TASK TO CARRY OUT:
Your reply should be the entries, output word for word, with each picture omitted.

DATA TO EXAMINE:
Content starts
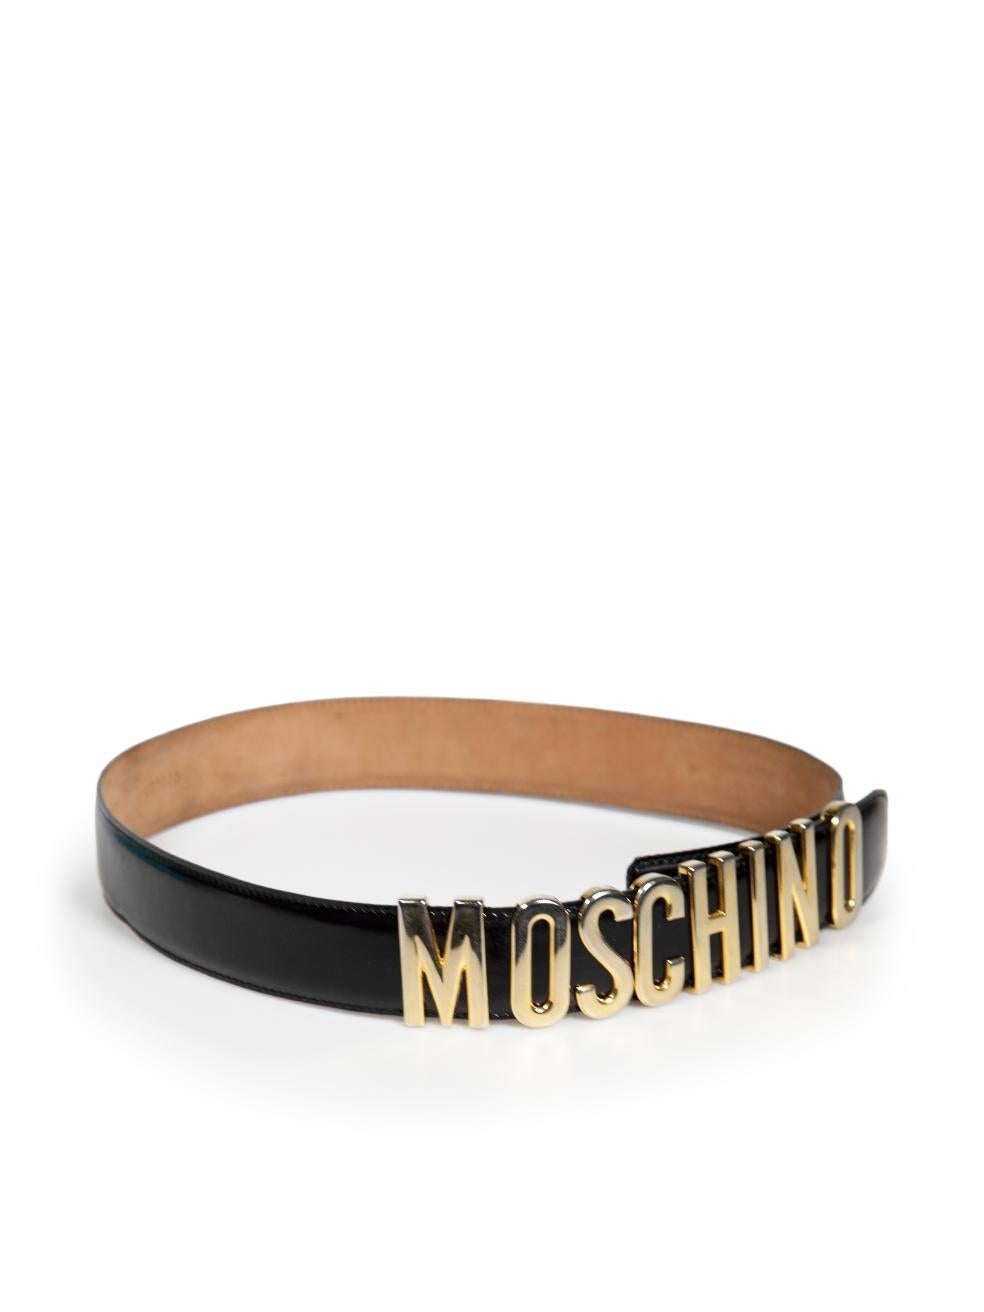 CONDITION is Good. Minor wear to belt is evident. General scratches to leather under metal logo hardware, with tarnishing to the metal logo hardware on this used Moschino designer resale item.
 
 
 
 Details
 
 
 Black
 
 Leather
 
 Belt
 
 Gold
Content ends
ANSWER TO THIS EXERCISE:
 CONDITION is Good. Minor wear to belt is evident. General scratches to leather under metal logo hardware, with tarnishing to the metal logo hardware on this used Moschino designer resale item.
 
 
 
 Details
 
 
 Black
 
 Leather
 
 Belt
 
 Gold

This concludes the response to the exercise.